For example, data and other information may be passed between the
computer and components (or steps) of a system of the invention
using a wireless network using a protocol such as Wi-Fi (IEEE
standards 802.11, 802.11a, 802.11b, 802.11e, 802.11g, 802.11i, and
802.11n, just to name a few examples). For example, signals from a
computer may be transferred, at least in part, wirelessly to
components or other computers.
[0065] In the discussion below, this patent uses the DVI interface
as an example of a specific application and implementation of the
principles of the invention. One skilled in the art will recognize
that the principles of the invention are applicable to other
interfaces including HDMI, DFP, DisplayPort, SDI, and VGA, with any
changes as needed, without departing from the scope of the
invention.
[0066] FIG. 7 shows a DVI-connected system 100. An output device
101 sends pixel data and control signals to a transition minimized
differential signaling (TMDS) encoder-transmitter 103. Output
device 101 may be a controller or computer such as described above.

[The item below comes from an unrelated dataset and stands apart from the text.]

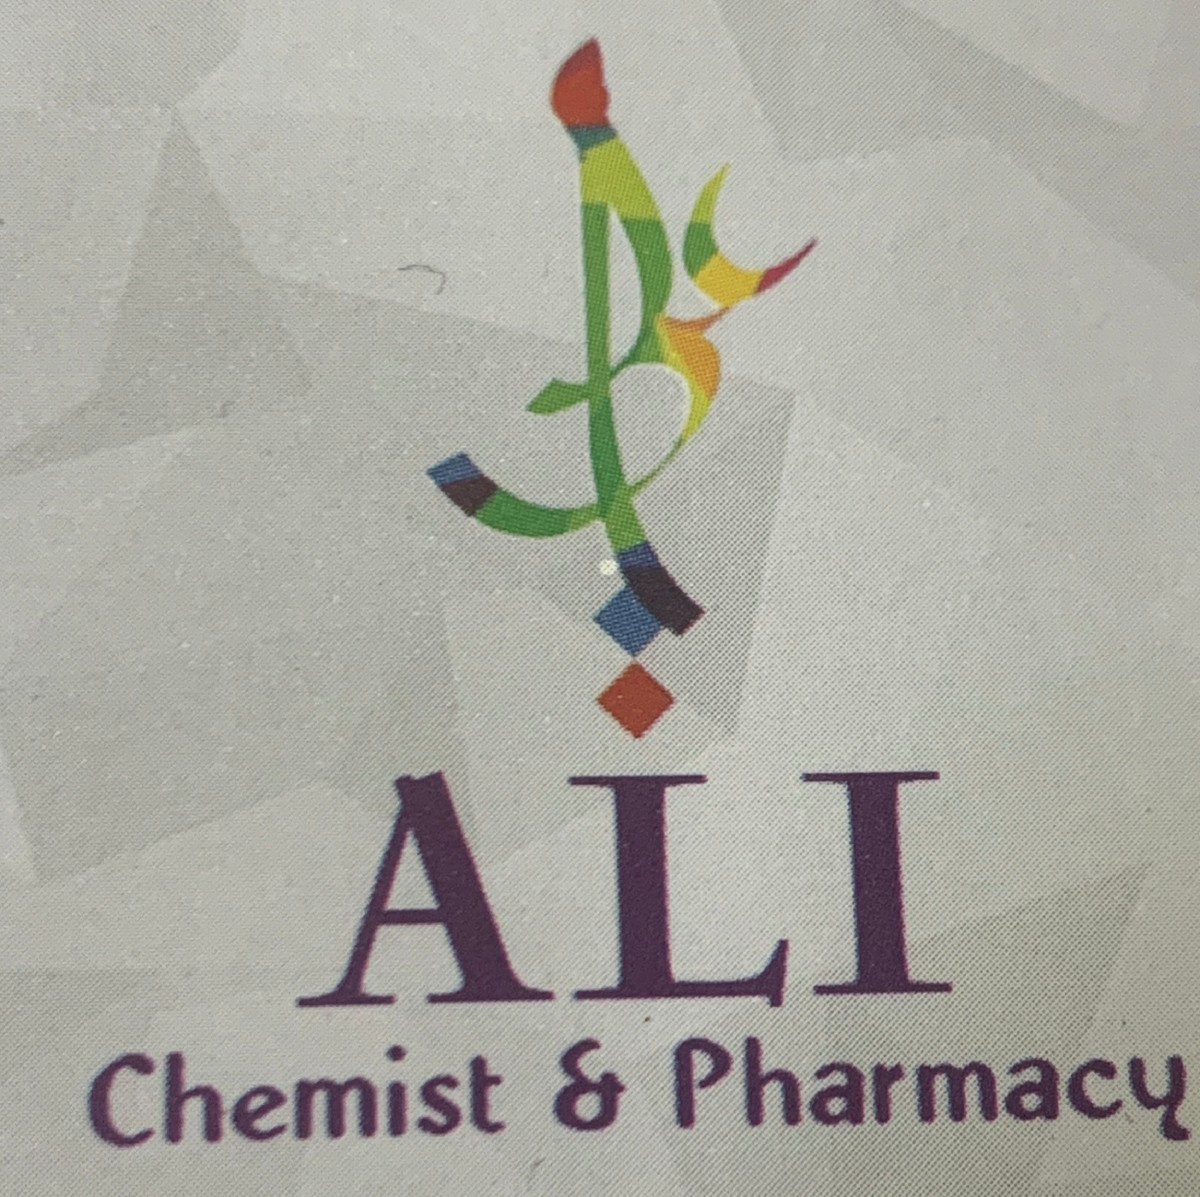 Ali Chemist & Pharmacy

Over a standard DVI connection, only video data is transmitted. But
according to a technique of the invention, which is described in
detail below, control data and other nonvideo data may also be
transmitted over the DVI connection.
[0067] The TMDS transmitter outputs a set of signals 105 that is
connected (commonly through twisted pair cables) to a TMDS
receiver-decoder 104, where the individual pixel data and control
signals for both links are received and decoded. TMDS receiver 104
outputs the data in parallel to a display device 102. Display
device 102 is a display suitable for displaying pixels using a DVI
connection such as one or more display tiles of a large LED video
display described above. Other examples are LCD monitors and
digital projectors.
[0068] More specifically, output device 101 sends 24 bits in
parallel, with 8 bits representing each color component, to TMDS
transmitter 103. TMDS transmitter 103 receives the 24 bits of
parallel data and then encodes and serializes the data before
transmitting it. Each of the color components (R, G, and B) and the
clock are transmitted on separate links, with a total of four
channels. The pixel data for a first video link is TMDS-encoded
onto outputs R1, G1, and B1, and pixel data for a second video link
may be TMDS-encoded onto outputs R2, G2, and B2. The two links
share a common clock signal.
[0069] A single DVI connection link includes three data channels
and four-twisted cable pairs (red, green, blue, and clock). The
link transmits 24 bits per pixel. Those 24 bits are equally divided
among the red, green, and blue (R, G, and B) twisted pairs,
providing a single 8-bit byte for each color at each pixel. The
link has a clock frequency of 165 megahertz (165 million pixels per
second) and a bandwidth of up to 3.96 gigabits per second. The DVI
link is faster than 100 megabit per second Ethernet and 1 gigabit
Ethernet. A single DVI data link Ri, Gi, and Bi may represent a
video display of many different resolutions. However a single link
is constrained to 24-bit data and three colors, or 8 bits per
color.
[0070] By including another set of R, G, and B twisted pairs, one
DVI connector can have a second data link for a dual-link
connection. There are two transmitters and two receivers. With both
the first and second data links, the DVI connection has a bandwidth
of up to 7.92 gigabits per second, which is twice the bandwidth of
a single link. This second data link allows for transmission of
another 24 bits per pixel. Therefore, with dual link, 48 bits per
pixel can be transmitted.
[0071] Dual link can be used when more bandwidth is required than
can be transmitted using a single link, such as for high resolution
displays. Dual-link can also be used to effectively double the
bandwidth and signal quality, such as for use with high resolution
displays (e.g., 1920.times.1600 display resolution).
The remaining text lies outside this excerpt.